Strengths and Considerations
Key Strengths:
- No Text Regression: Successfully maintains or improves text intelligence compared to its text-only backbone.
- Unified & Compatible: A single model architecture compatible with standard LLM training and inference stacks.
- General Audio Generation: A unique capability among open models to generate diverse non-speech sounds.
- Strong Reasoning: Outperforms other open models on various reasoning and alignment tasks.
Points to Consider:
- Noncommercial License: Currently, Audex is released under an NVIDIA OneWay Noncommercial License, limiting its use in commercial projects.

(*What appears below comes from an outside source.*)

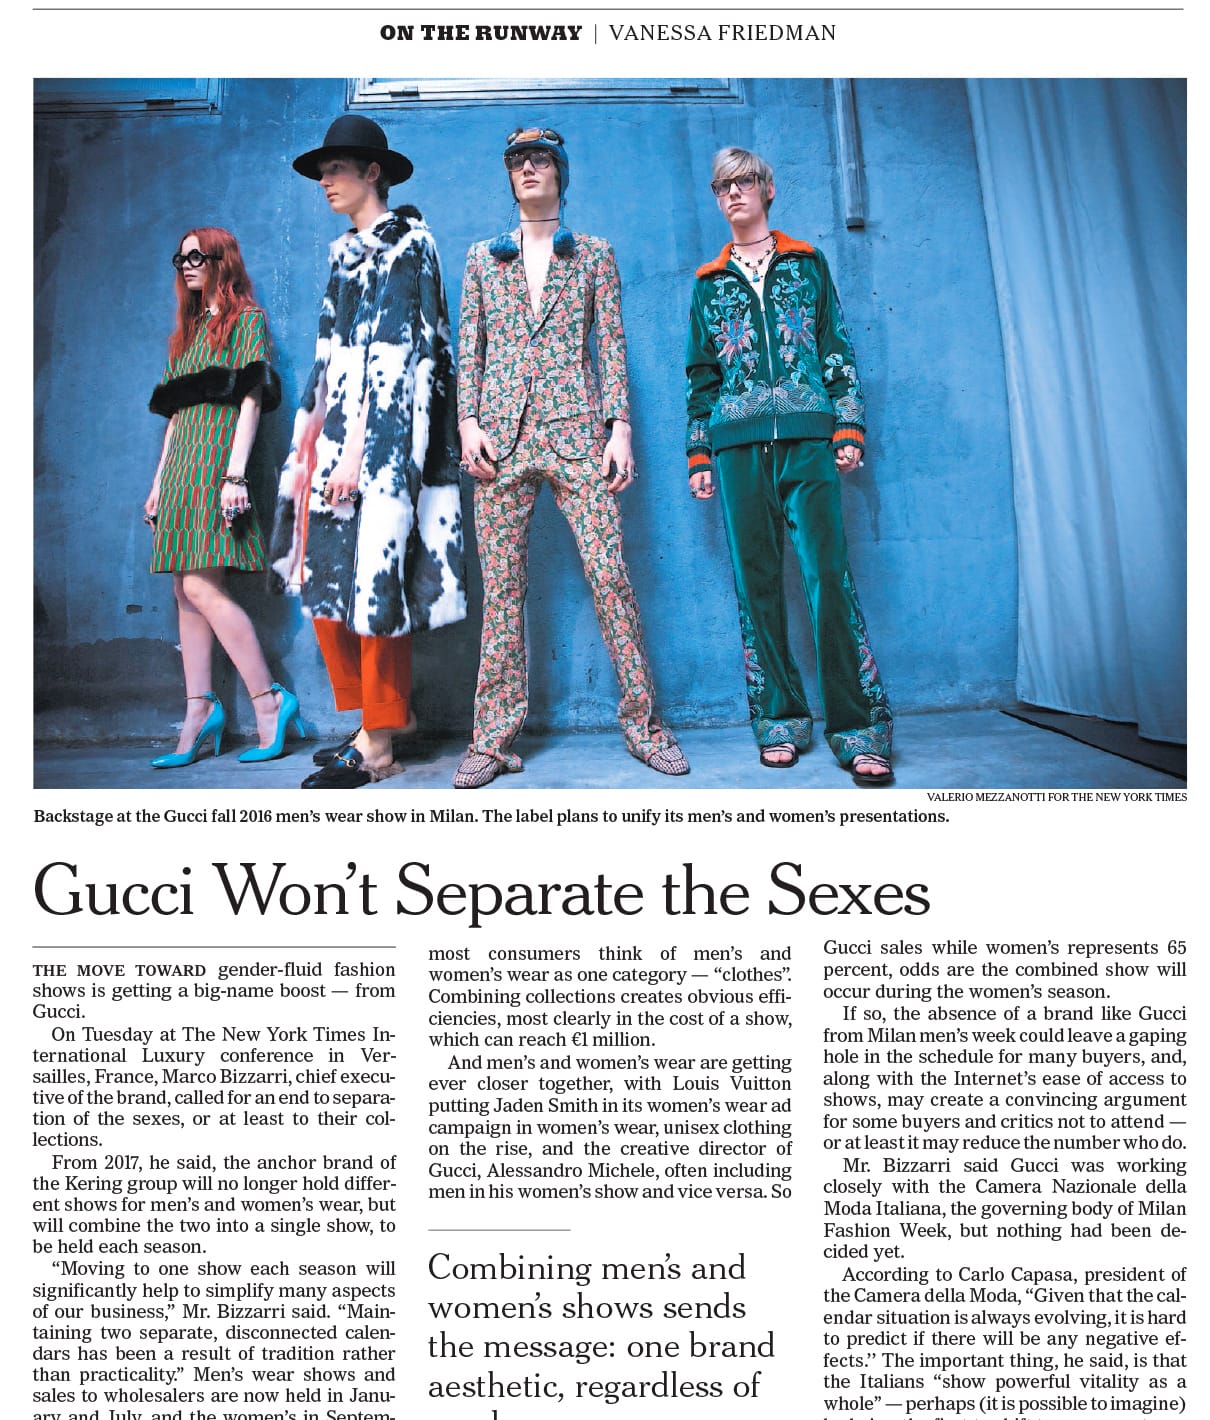 Gucci Fashion Show Backstage, Photo by Valerio Mezzanotti for The New York Times
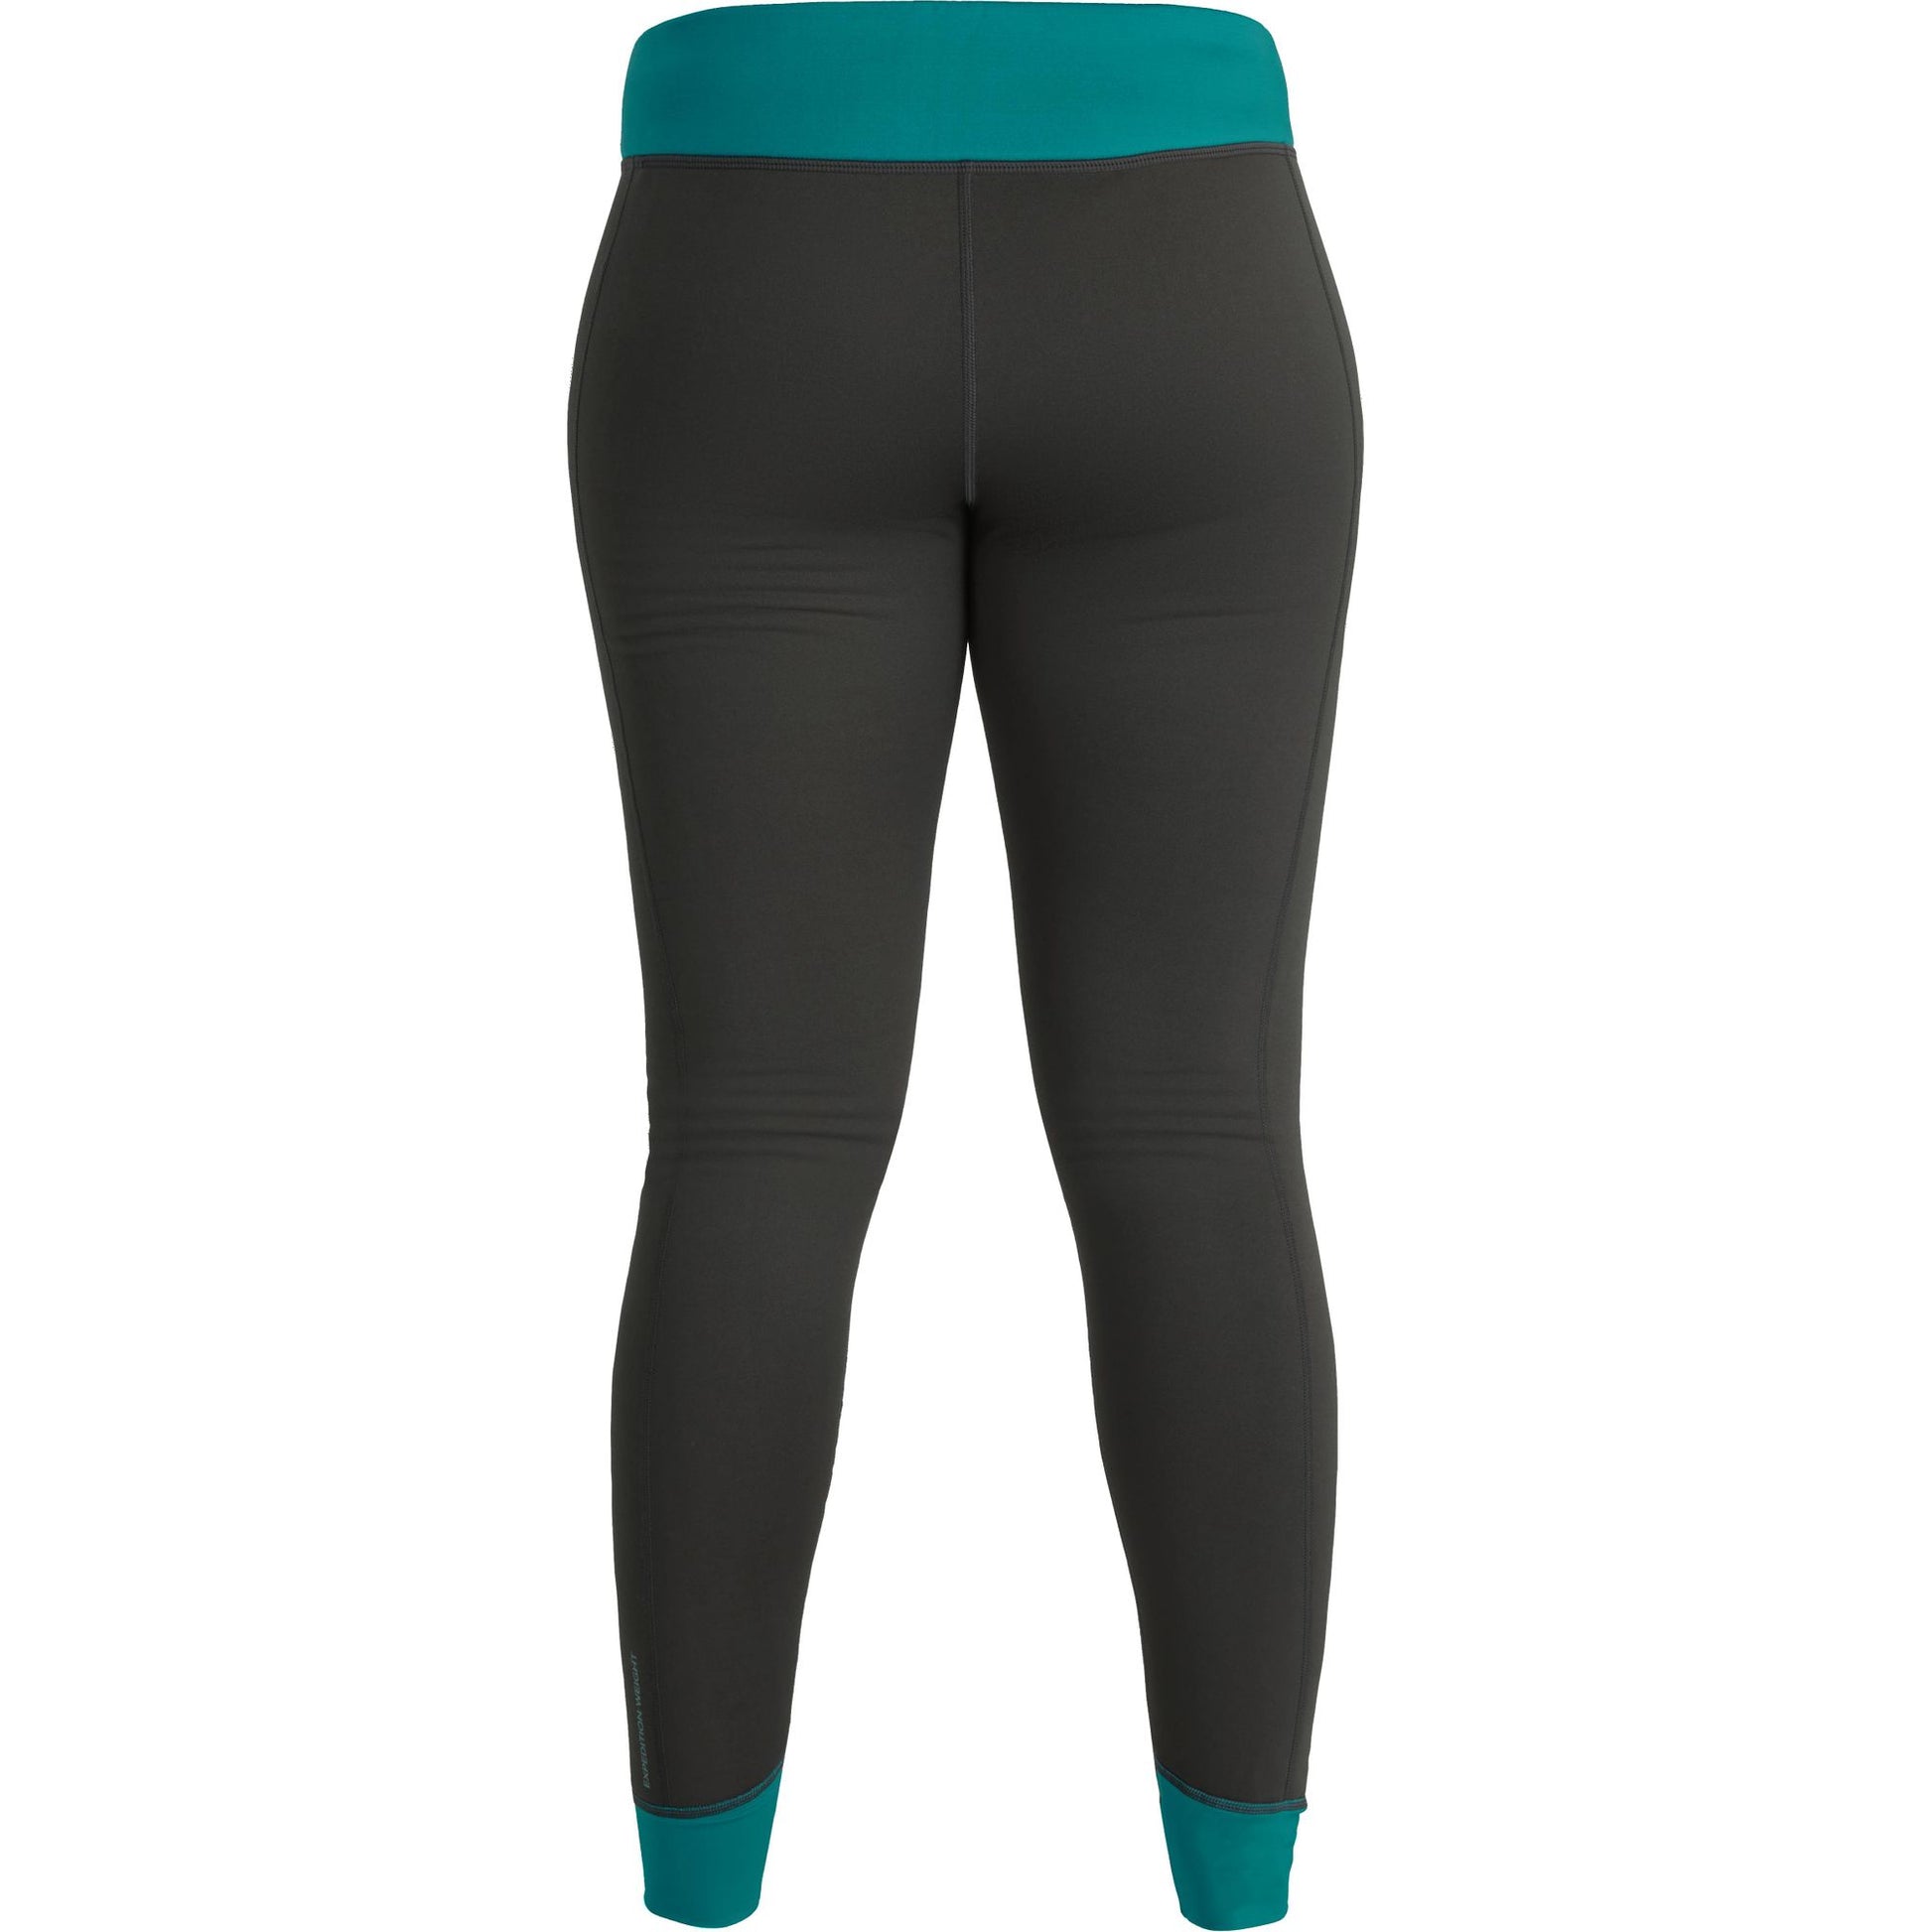 A person's legs in NRS Expedition Weight Pants - Women's.

- Audio Understanding Gaps: Shows some performance gaps in specific audio understanding benchmarks (MMAR, MMSU) compared to leading audio LLMs.
- Cascaded Speech-to-Speech: The speech-to-speech functionality operates in a cascaded manner rather than being natively full-duplex.
- Future RL Work: Reinforcement learning is currently text-only, with audio-text RL noted as future development.
Interestingly, NVIDIA’s Audex represents a significant leap forward in the quest for truly unified multimodal AI, demonstrating that advanced audio capabilities don’t have to come at the expense of robust text intelligence.
Expert Perspective
A practical read on NVIDIA Audex starts with audio. That is where the earliest effects are likely to show up if this development keeps building.
What happens next will come down to adoption speed, policy response, and execution quality. That combination could make NVIDIA Audex a meaningful reference point across audex.
For decision-makers, the useful lens is not the headline alone but how text changes priorities once organizations have to respond.
Frequently Asked Questions
Why is NVIDIA Audex important?
NVIDIA Audex: A Breakthrough Unified LLM for Audio and Text Without the “Text Tax”The bigger takeaway is simple: The world of large language models (LLMs) is rapidly expanding, with a growing demand for models that can understand and generate more than just text.
What impact could NVIDIA Audex have?
While many multimodal LLMs emerge, they often come with a hidden cost: a ‘text tax’ where adding audio or visual capabilities degrades their core text intelligence.NVIDIA, however, is challenging this norm with its latest release: Audex (Nemotron-Labs-Audex-30B-A3B).
What should readers watch next with NVIDIA Audex?
This innovative unified audio-text LLM is engineered to seamlessly integrate audio capabilities while preserving, and in some cases even enhancing, its foundational text understanding.What is Audex?Meanwhile, Audex is a sophisticated 30-billion-parameter Mixture-of-Experts (MoE) Transformer decoder, activating 3 billion parameters per token.
How does this relate to audio?
It connects because the article frames audio as one of the clearest areas where the topic may be felt in practice.